Mejor leo las Normas de Participación@forosdeelectronica.com
atte jose tecol


----------



## tecol (Dic 23, 2010)

se me olvido que no se puede poner el msndeja preparar una guia y la subo


----------



## Adonayo (Mar 27, 2011)

Muchas gracias por tu interes amigo *jose tecol*, espero tu guía  ...

Perdon por abandonar por un buen rato este tema... no es que haya perdido el interes, es solo que en la escuela avanzan con otros temas y pues no puedo disponer de todo mi tiempo para algo que se supone que debi de haber hecho hace mucho tiempo  ...

Entonces, volviendo al tema! 

El controlador PID ya vi como funciona, teoricamente claro... he visto la respuesta de salida de cada bloque (control proporcional, control integrativo y control derivativo) y la salida del conjunto de estas...

El único problema es que no se en donde meter la retroalimentación  o que cosa agragar para hacer de ese control, un control automatico, aún no me queda claro el porque un control pasa a hacer automatico :cabezon:...

Ayudenme por fa... prometo estar mas al pendiente de este post! 

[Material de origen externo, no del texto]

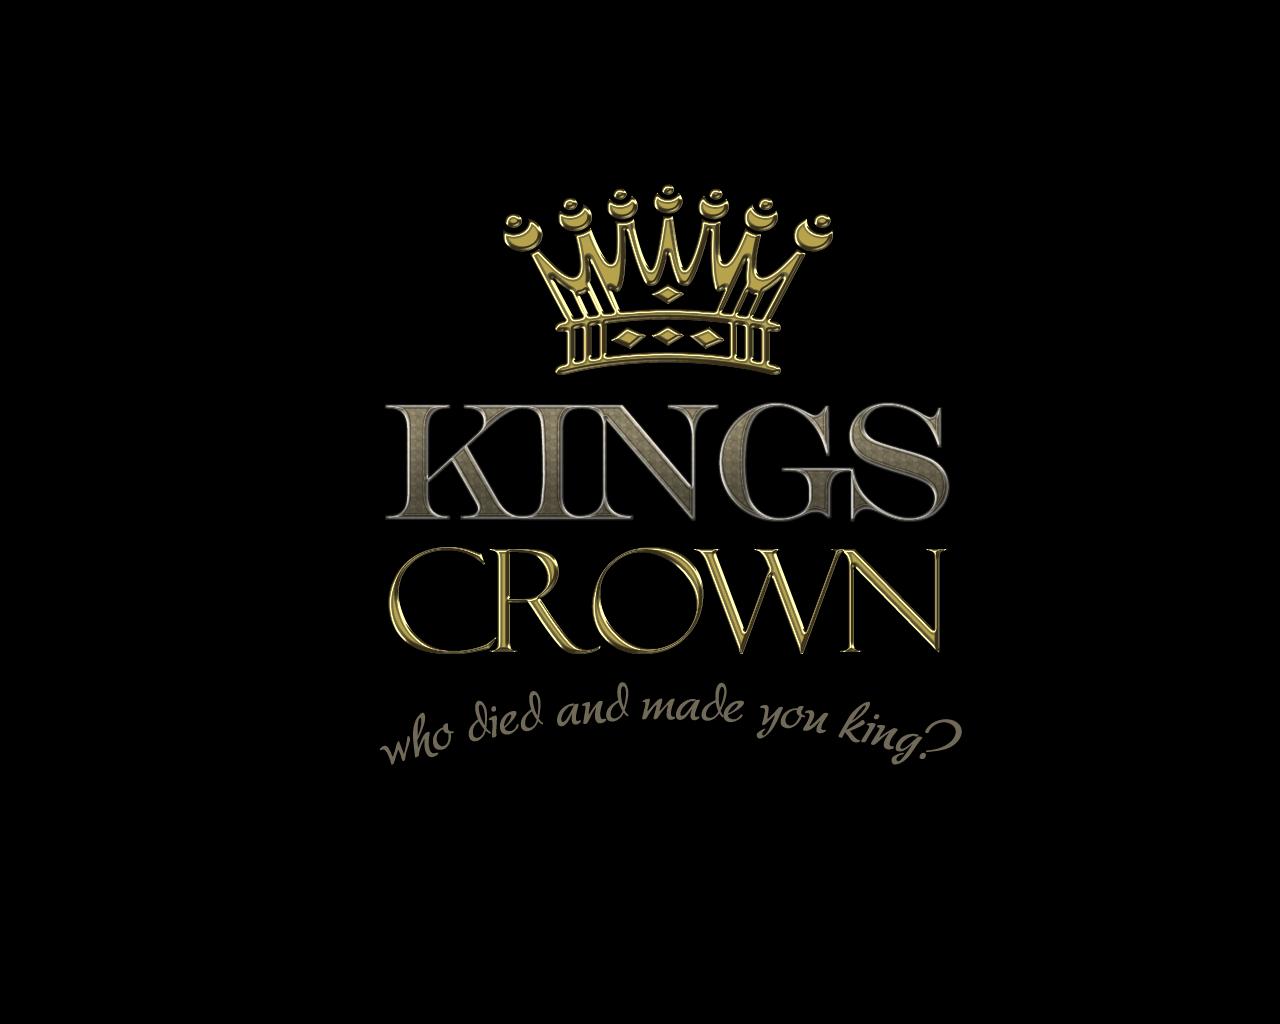 crown wallpaper 1280x1024
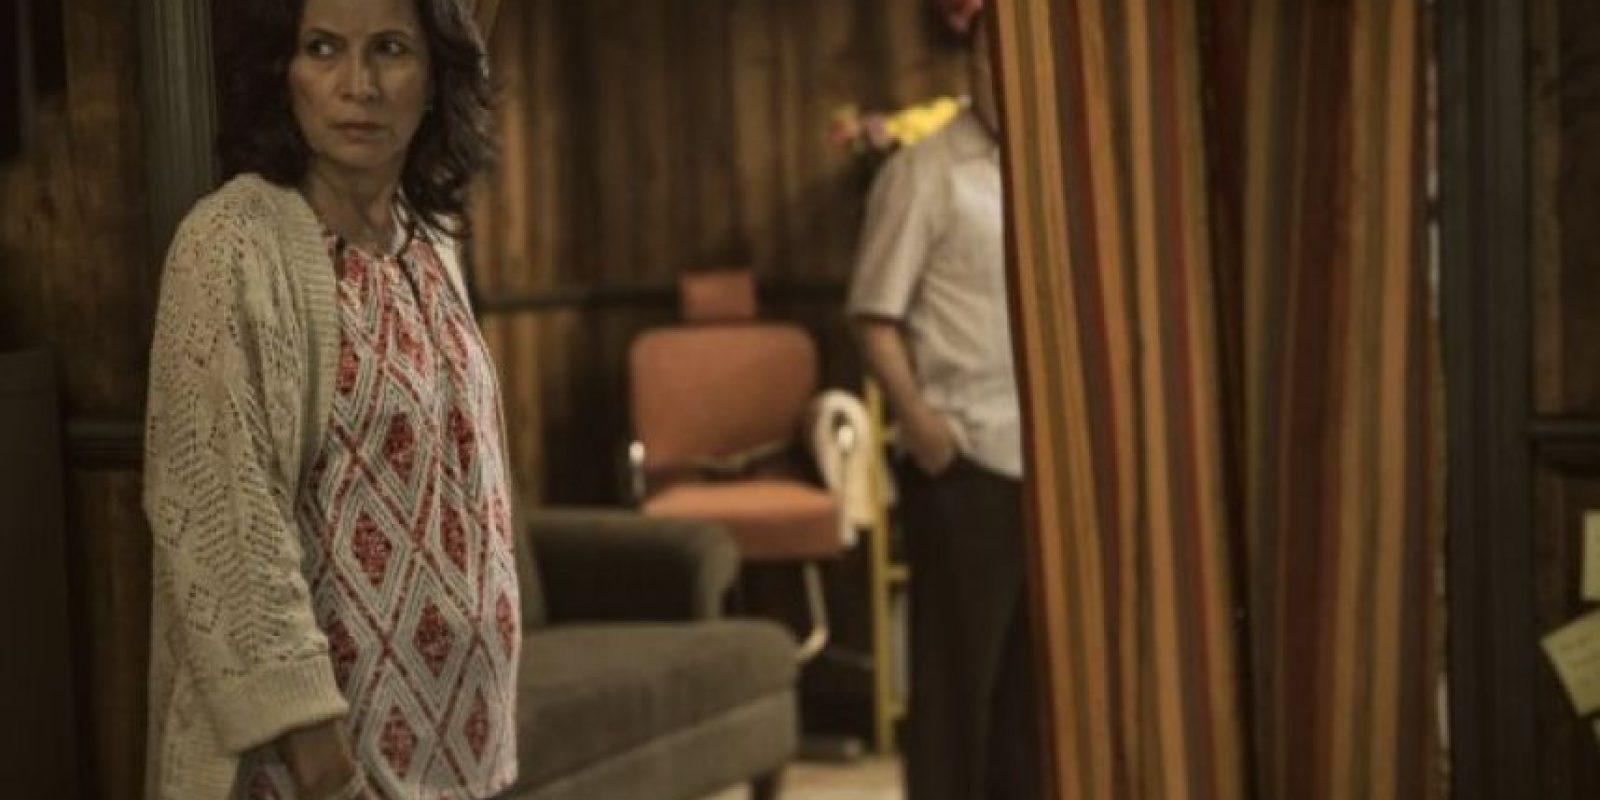 """El spin-off de la serie contará con la presencia de la actriz mexicana Patricia Reyes Spíndola, quien dará vida a """"Griselda"""", una mujer religiosa. Foto: IMDb"""

Saludos a todos y muchas gracias!


----------



## antiworldx (Mar 27, 2011)

retroalimentacion y bloque suma.

La retroalimentacion es la señal de salida del sistema que se resta a la entrada. Se simboliza en un diagrama de esta forma.







De manera que en un PID como es tu caso, tienes la señal de las RPM del motor, ya convertidas a un nivel de voltaje. Por ejemplo, 2000RPM = 2V.
Así que si tu referencia o señal de entrada del sistema es de 3000 RPM = 3V, el bloque suma en su salida te devera dar:

3V (de la referencia) - 2V (de tu medidor de RPM) = 1V (es el que entra en cada bloque del P I D).

En el caso de un PID análogo con operacionales pues es muy simple. El bloque suma es equivalente a este simbolo eléctrico.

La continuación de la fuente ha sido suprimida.